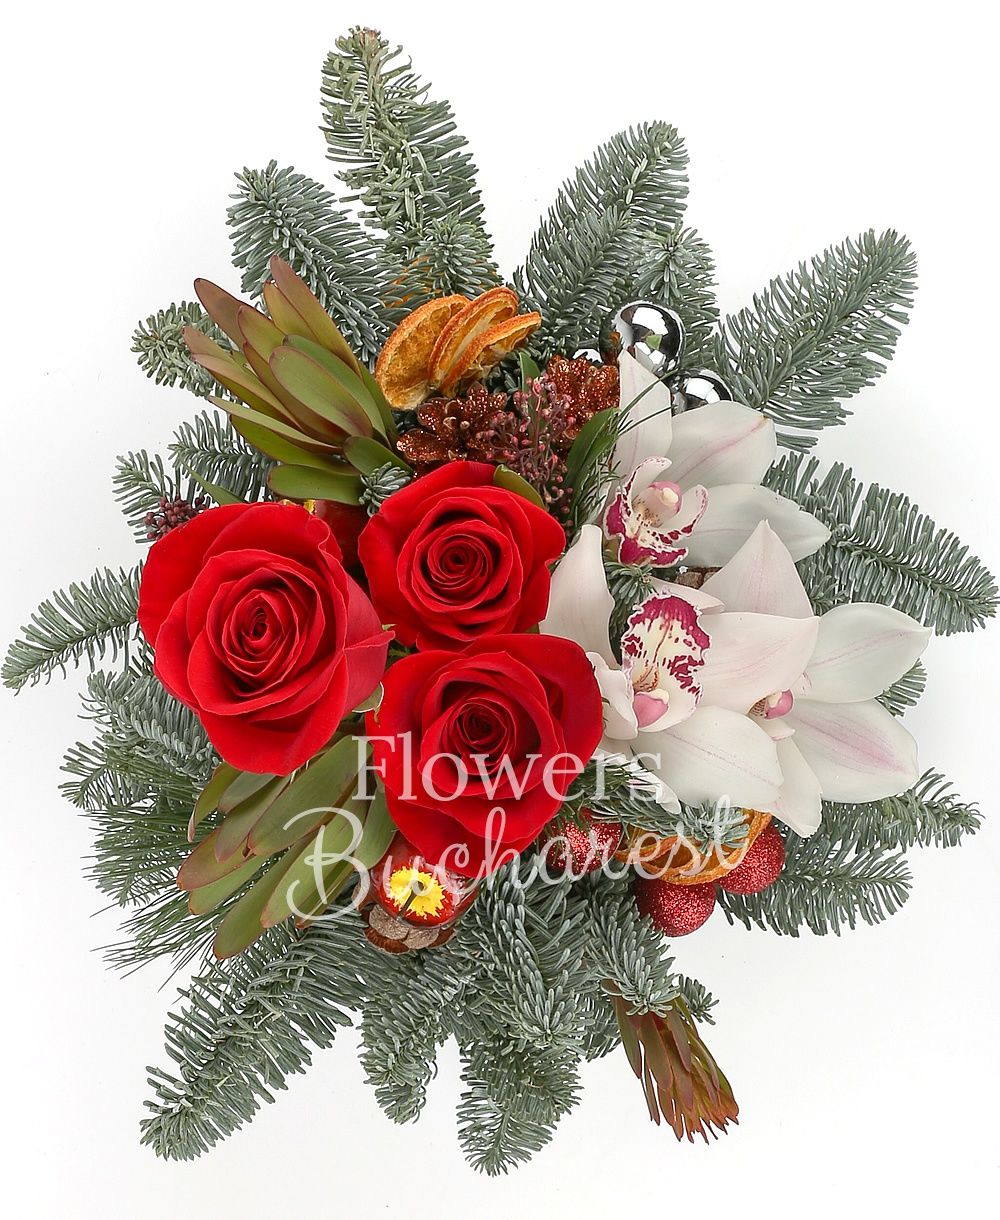 3 red roses, 3 white cymbidium, 2 leucadendron, 5 globes, decorations, basket
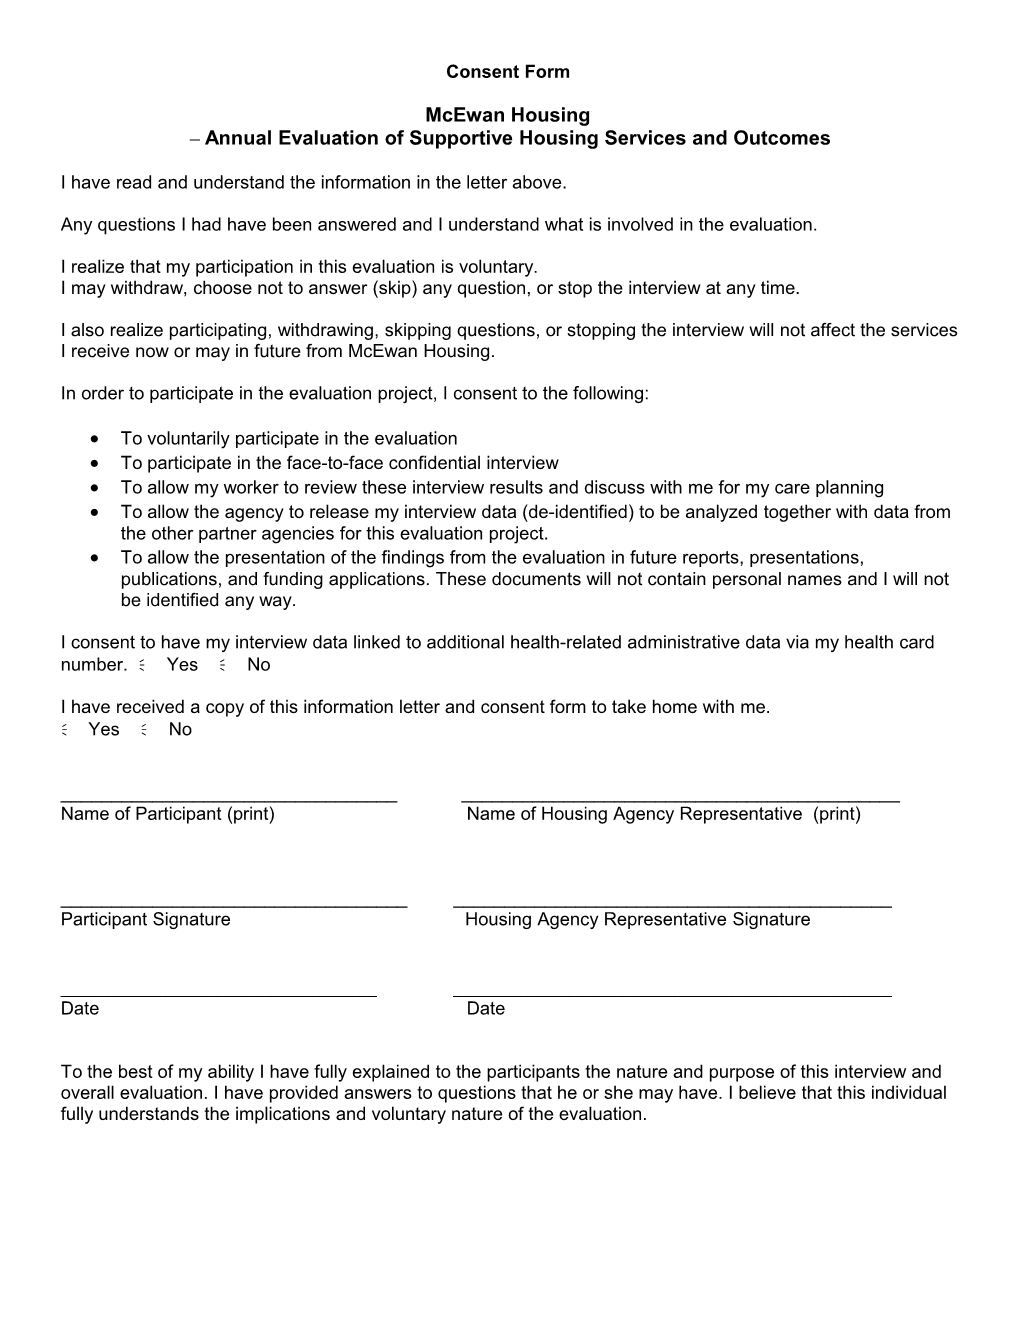 Information Letter / Consent Form
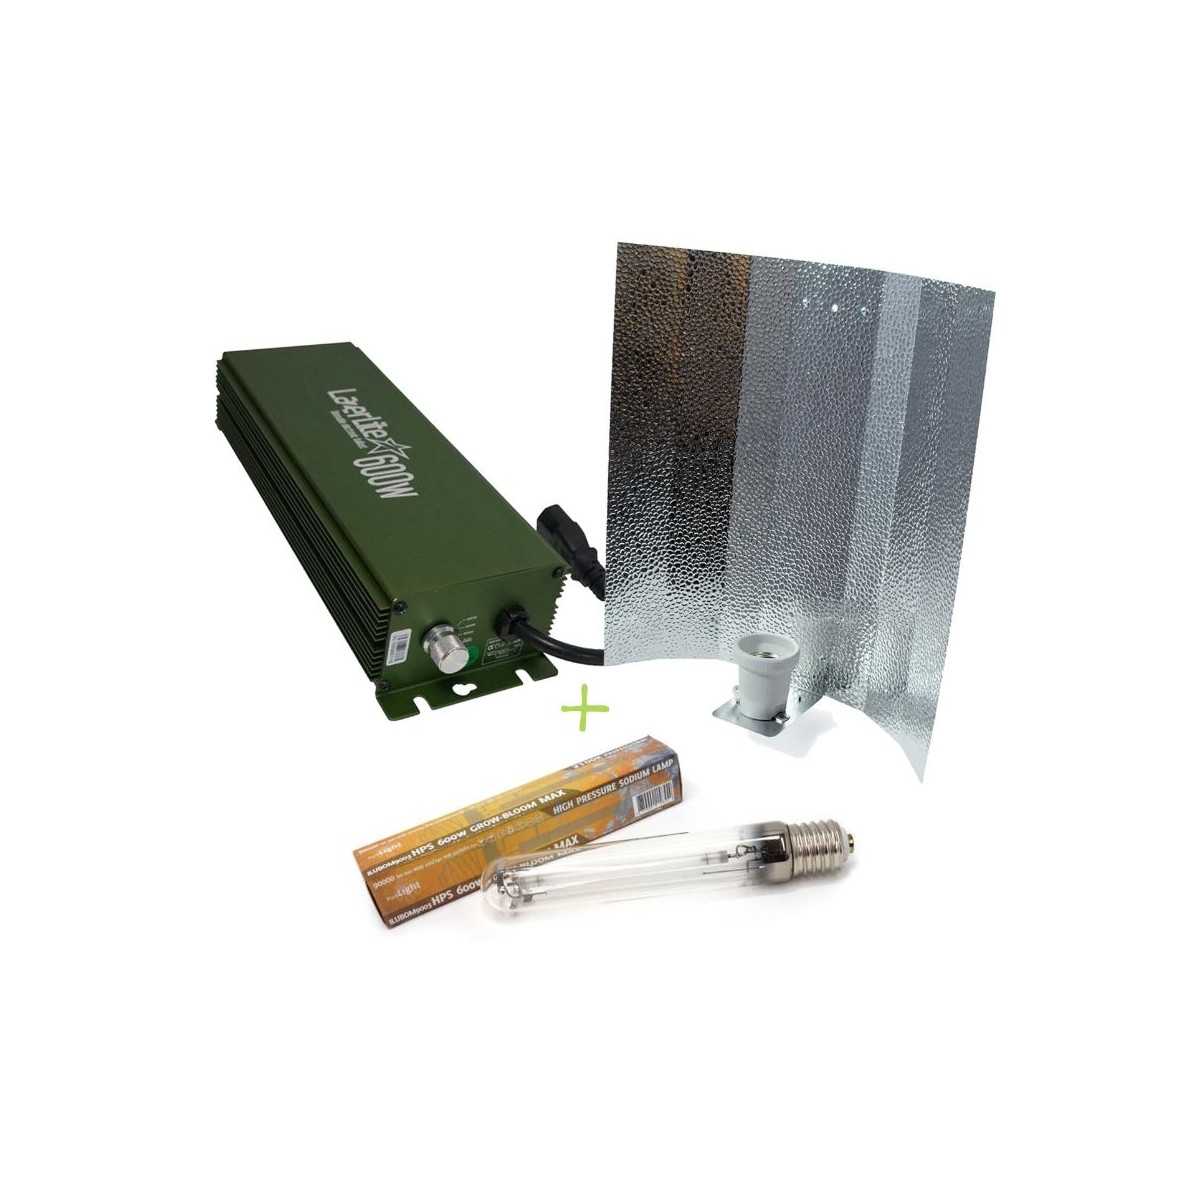 Kit 600w Electronico Regulable Lazerlite

Problem:
With the images omitted, repeat all the data word for word.

Result:
 3 red roses, 3 white cymbidium, 2 leucadendron, 5 globes, decorations, basket
 Information Letter / Consent Form
 Kit 600w Electronico Regulable Lazerlite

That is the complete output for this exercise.